## [WHAT IS REQUIRED]
Please output the data exactly, minus pictures.

## [DATA PROVIDED]
>>>

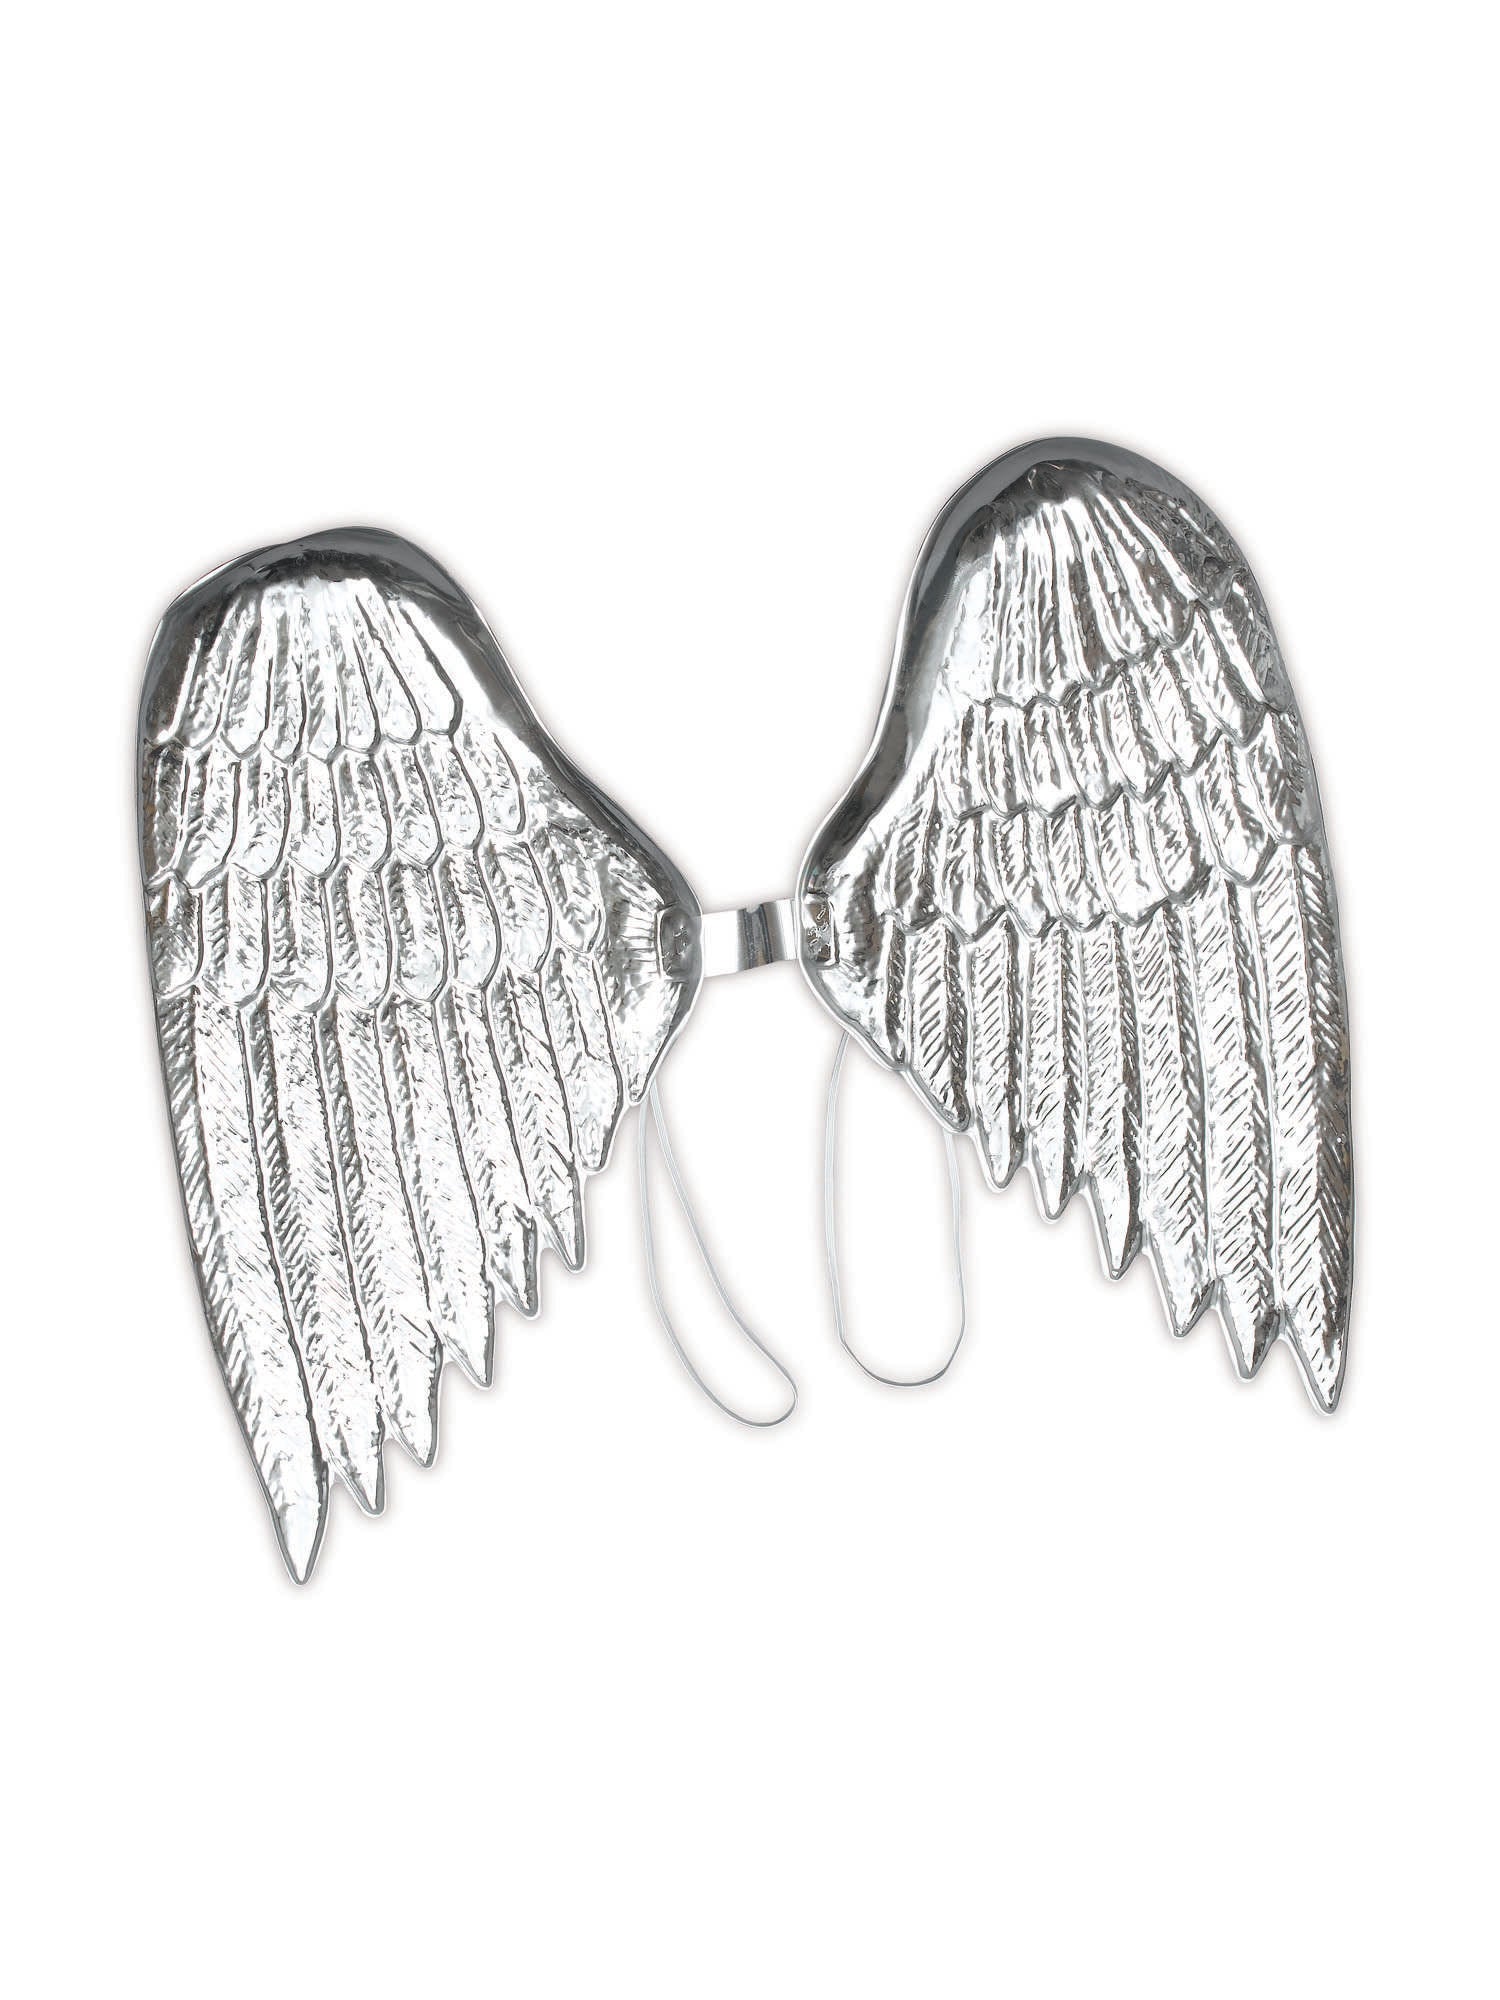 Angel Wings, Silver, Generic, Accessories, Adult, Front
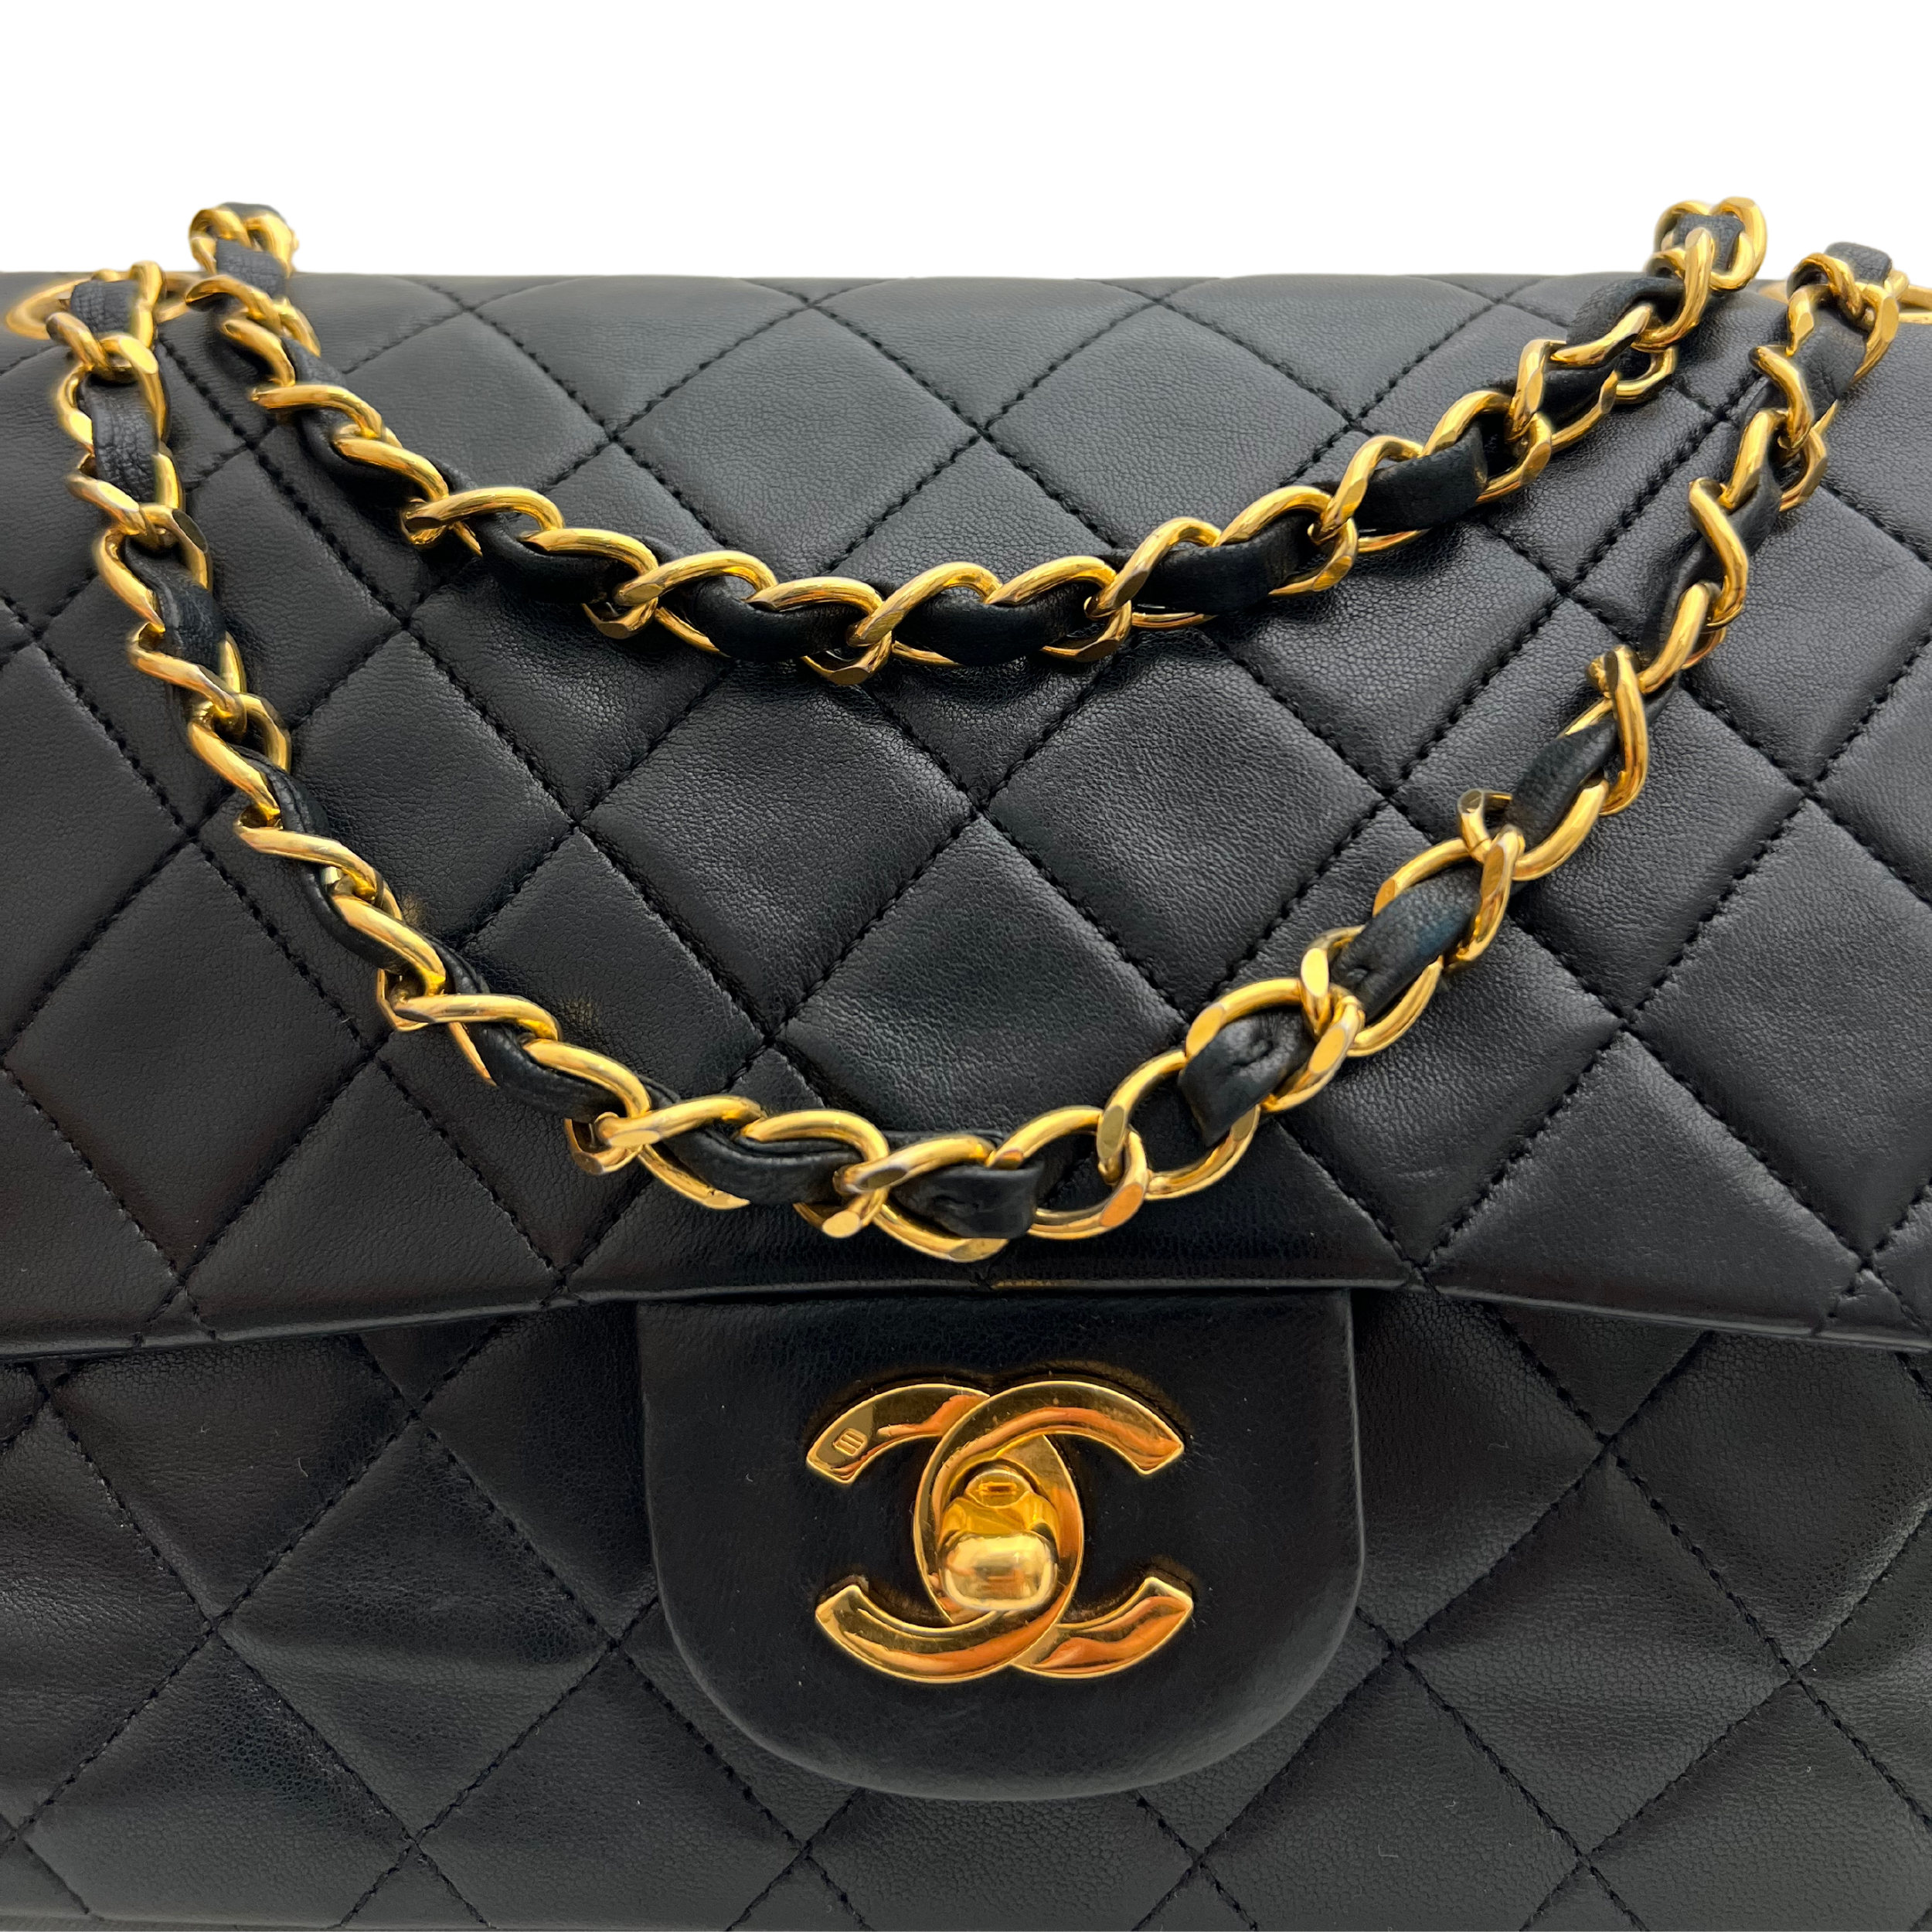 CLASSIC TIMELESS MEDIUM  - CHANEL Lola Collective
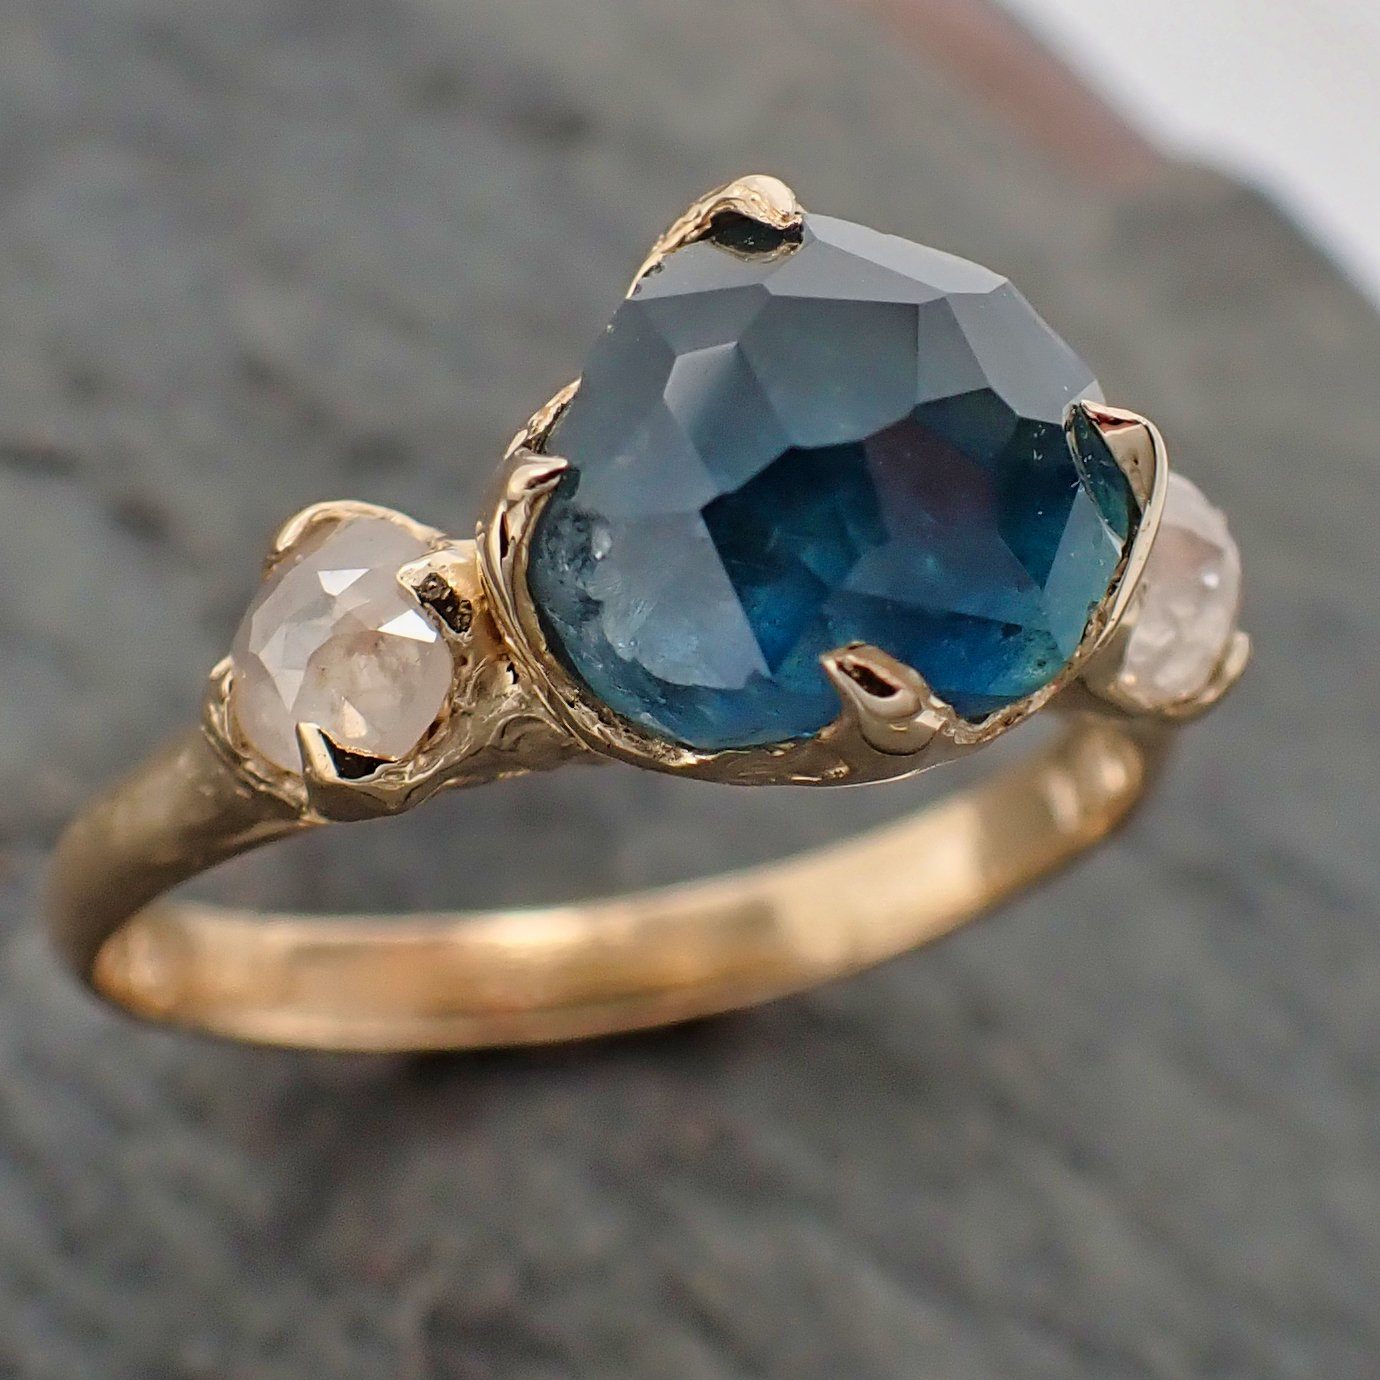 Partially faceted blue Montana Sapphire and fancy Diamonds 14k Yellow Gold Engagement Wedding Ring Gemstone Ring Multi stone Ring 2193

<<<

## [TASK OUTPUT]
 Angel Wings, Silver, Generic, Accessories, Adult, Front
 CLASSIC TIMELESS MEDIUM  - CHANEL Lola Collective
 Partially faceted blue Montana Sapphire and fancy Diamonds 14k Yellow Gold Engagement Wedding Ring Gemstone Ring Multi stone Ring 2193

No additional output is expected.